My friend James likes to send me (and a circle of his friends and relatives) whatever NY Times articles strike his fancy. We keep telling James to launch his own blog, but he dithers. This is the blog post that James should have written.
Apparently, there is a movement afoot to get people—mostly women—to swear off unnecessary clothing purchases. This Times article details just how small the movement is at the moment—under two hundred people have signed the pledge—which ought to tell us something about how unpopular saying no to buying more clothes really is.
My friend James virtuously says:
I have a simple rule for clothing, and most other stuff: I have a set number of items and if anything new comes in something has to go out. As for the number of items, I just decided one day that, “That's enough.” I don't need anything more.
I am haunted by the Fredrick Pohl story "The Midas Plague."
I haven’t read that story, but I have my own story to relate, about how noxious it is to be in close quarters with men who save money on shirt laundering or uniform cleaning by re-wearing clothes they have sweated in. My god, these men stank. If this is you, stop immediately. Want a date or a promotion? Wash yourself, and wash your clothes, too.
My vote therefore is for people to own enough clothing to have more than a week’s supply, if they leave their homes to go to work. If they work at home and have access to daily laundry, they can have three days’ supply, although this hardly gives much leeway; they’d have to do laundry three times a week. If they live alone, it would be more efficient of resources to own more clothes and do one big batch of laundry once a week.
Who does laundry, you laugh. Okay, so you send all your clothes to the dry cleaners, who mostly still imbue them with poisonous chemicals. I have personally seen people picking up hundreds of dollars worth of dry cleaning. If that’s you, you might want to think about the deleterious effect of the chemicals on the planet and your health, and the deleterious effect of the cleaning costs on your wallet.
Still, I do recommend that if you refuse to learn to iron (it’s easy enough), or if you are in an image-sensitive profession, or if you simply do not have time to do laundry properly, you have professionals clean and iron your clothing. An ambassador I once worked with wore an impressively ironed silk shirt, even though his embassy was basically decrepit. Now he’s the president of his country.

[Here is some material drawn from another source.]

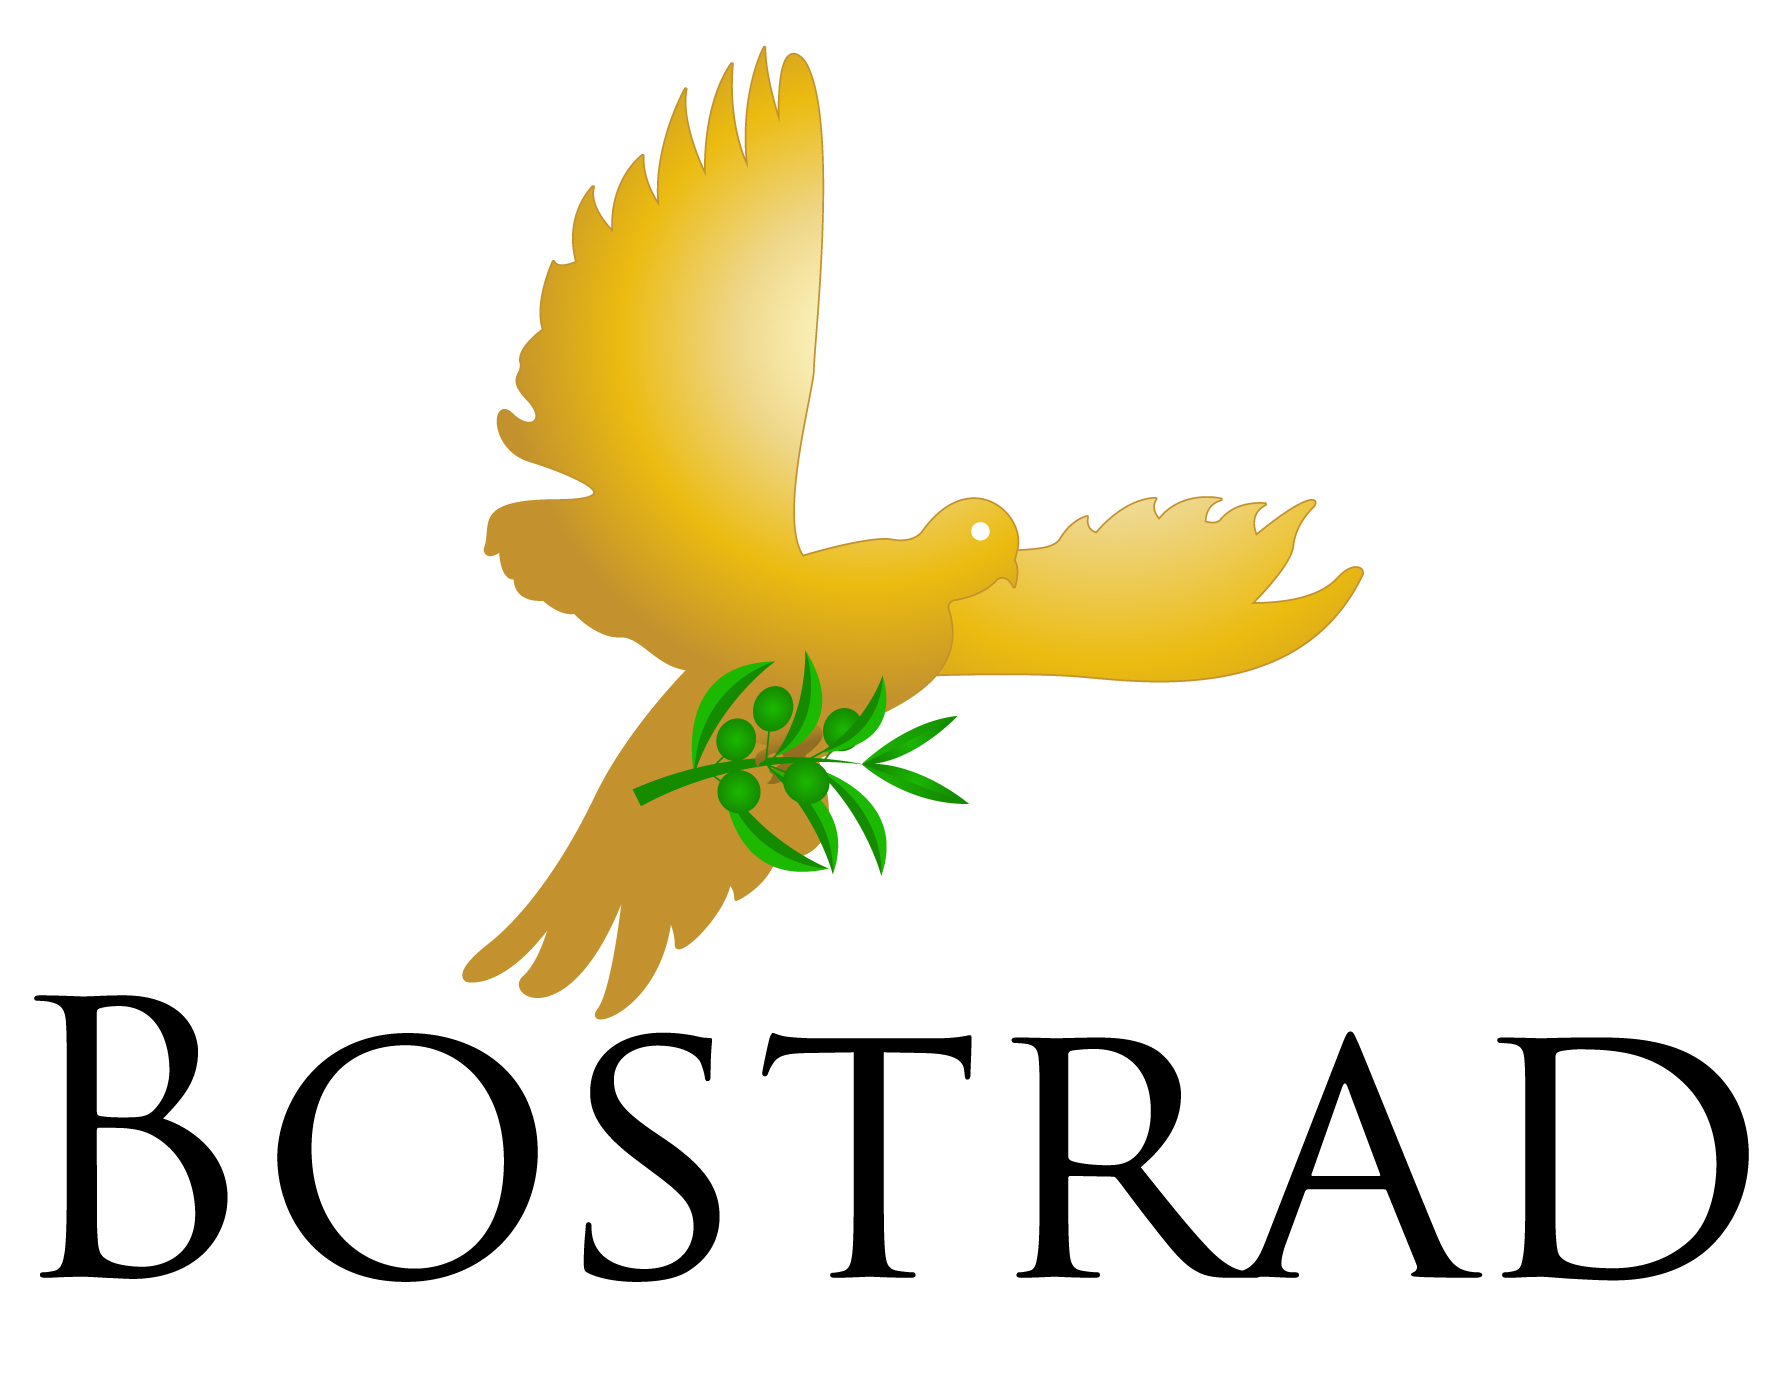 Bostrad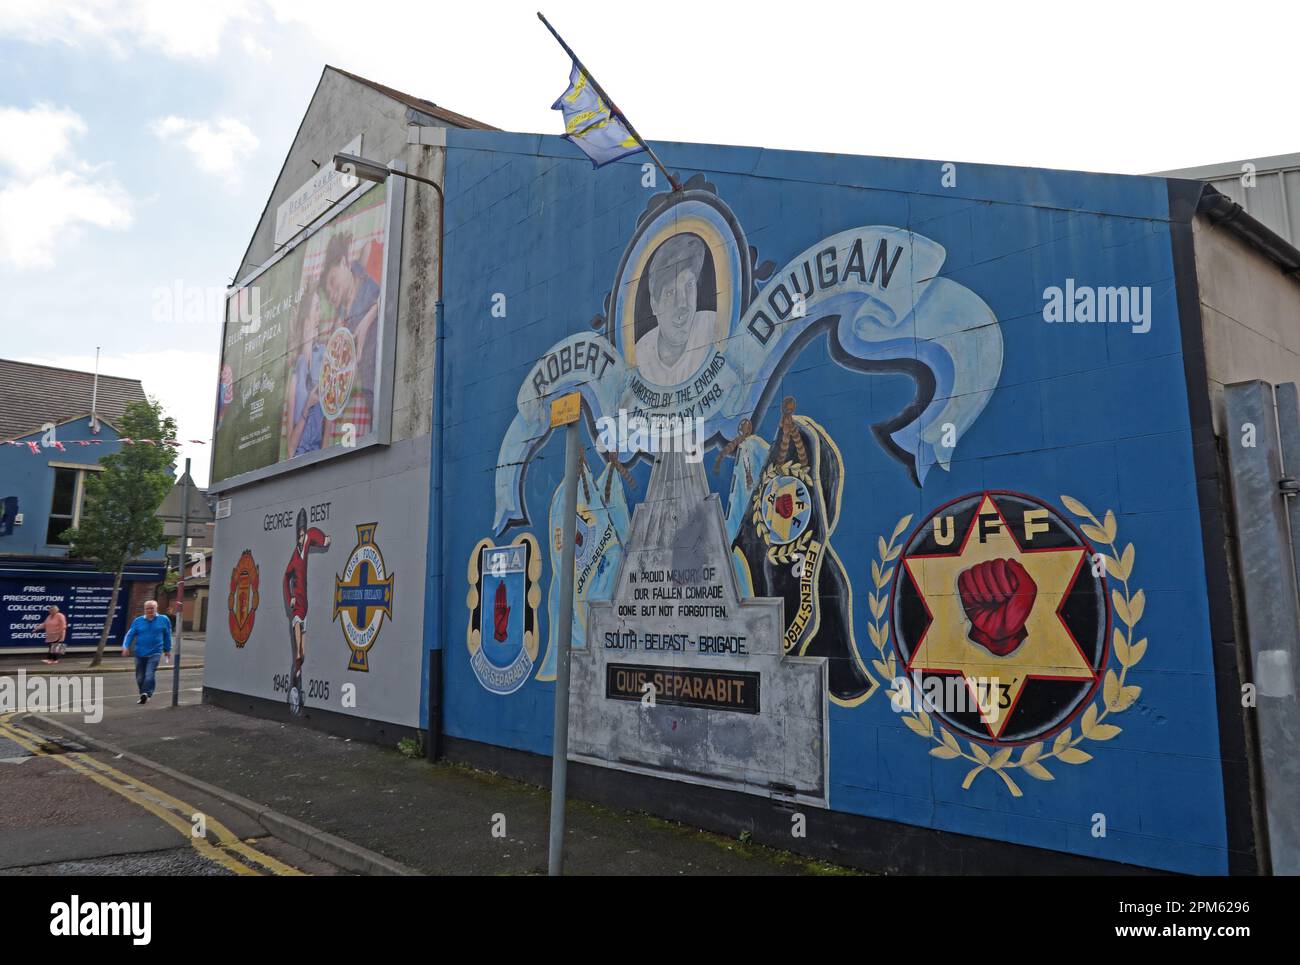 Mémorial mural de Robert Dougan, assassiné le 10th février 1998, UDA, Blythe Street, Sandy Row, Belfast, Irlande du Nord, Royaume-Uni, BT12 5EY Banque D'Images

Most of us are pretty good at keeping clean and pressed. What too many Americans do is shop for excess clothing. It’s not necessary, except if you work in the fashion or movie industry—in which case, you should be getting designer duds at super insider discounts, not buying retail. In New York City, you’re considered a sucker if you buy at retail. The city is filled with suckers buying 5th Avenue merchandise. Only some of those shoppers are rich. For most of us, it’s not a good idea to buy on 5th Avenue—or its mall equivalent. That’s the heart of the problem, of course. A preponderance of Americans tries to spend as if they are rich.

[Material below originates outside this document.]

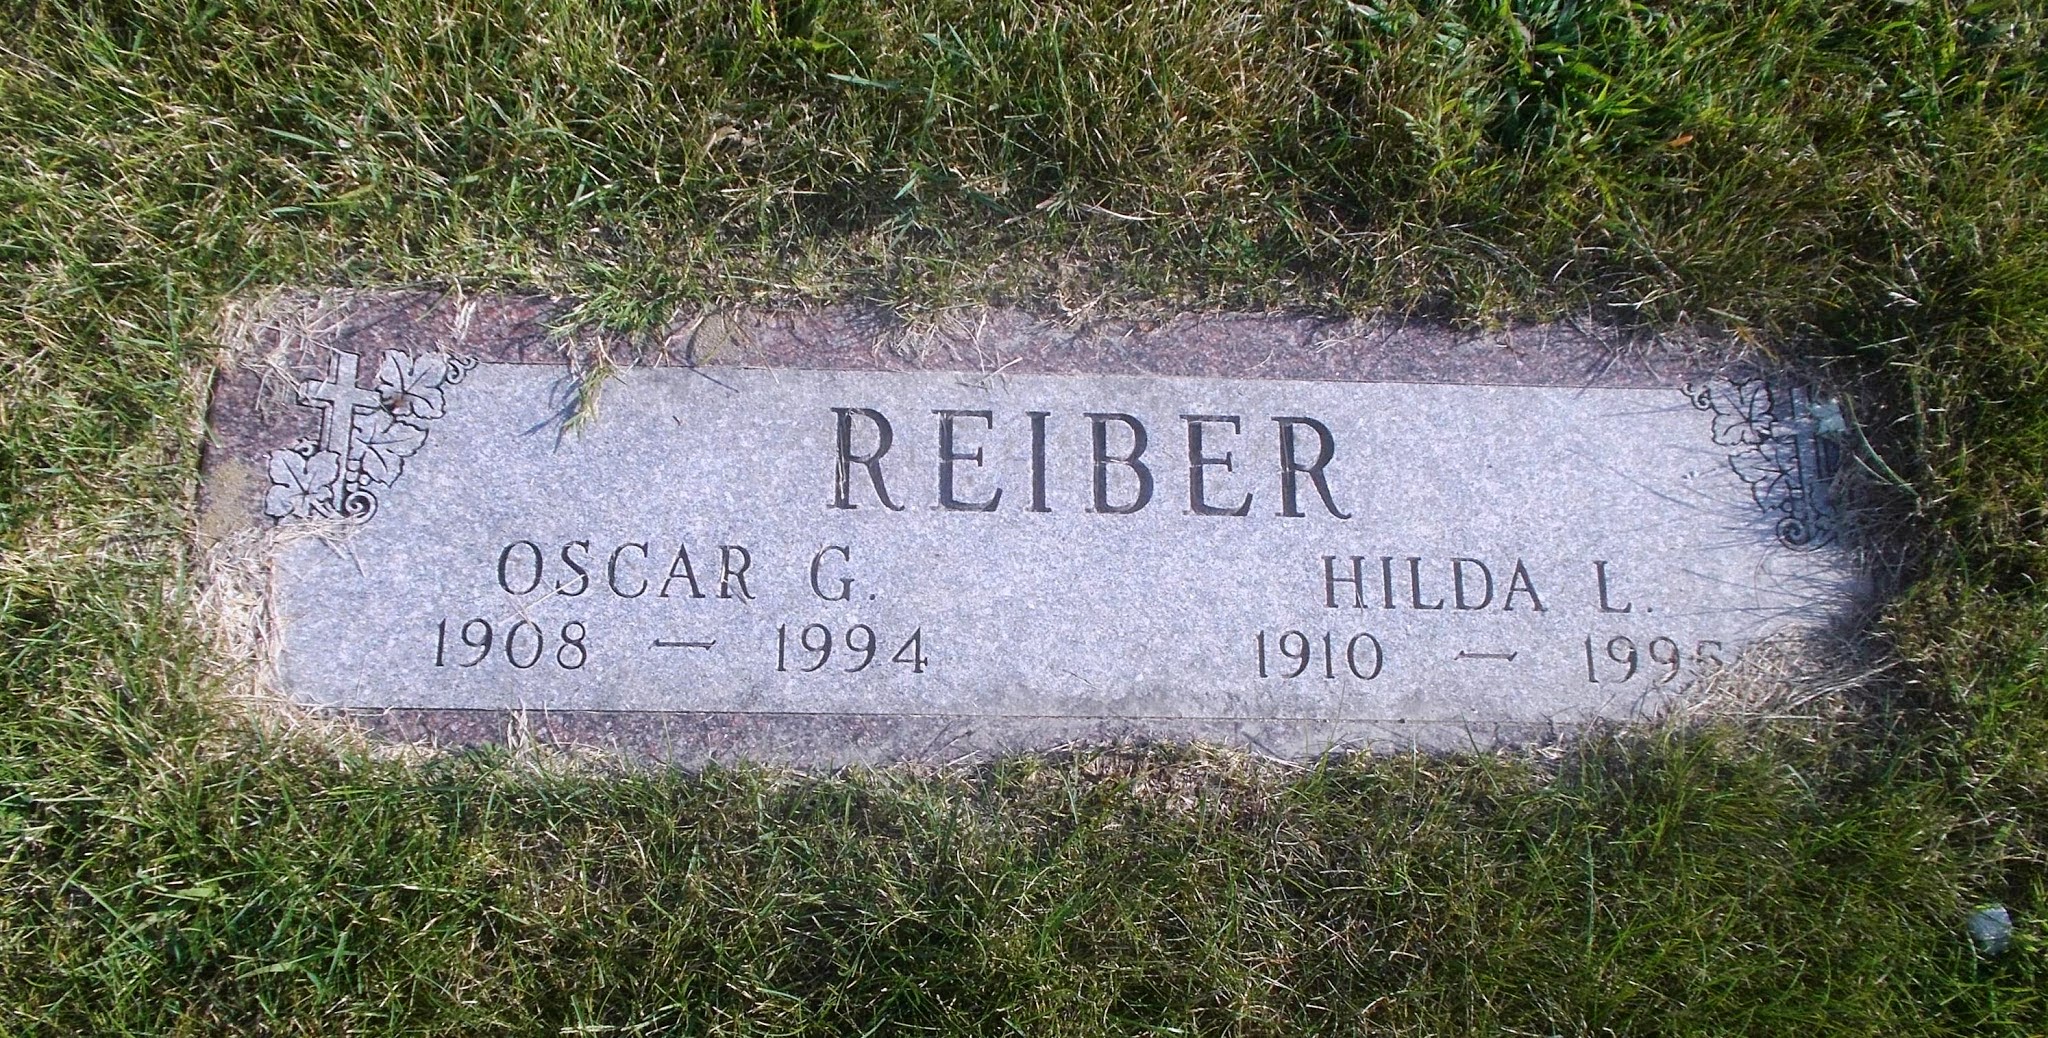 Oscar G Reiber

That’s what this movement is all about, reining in people who have no business wasting their discretionary income on clothes, more clothes, and still more clothes. By now, those of you who have been reading this blog for a while know that I am totally anti-cluttering. Owning too many clothes is just another form of cluttering.
Somewhere in between the complete insanity of people who own closet after closet of clothing, and the insensitivity of people who always show up in the same shirt, sanity lies. As I have said before, it is especially important that women, who for the first time in history have substantial discretionary income and plenty of ability to use it to influence our culture and our institutions directly, stop wasting their money on trivial crap. We can be so much bigger than this, if we only let ourselves. The endless search for the next “perfect pair of black pants” is a tragic waste on all counts.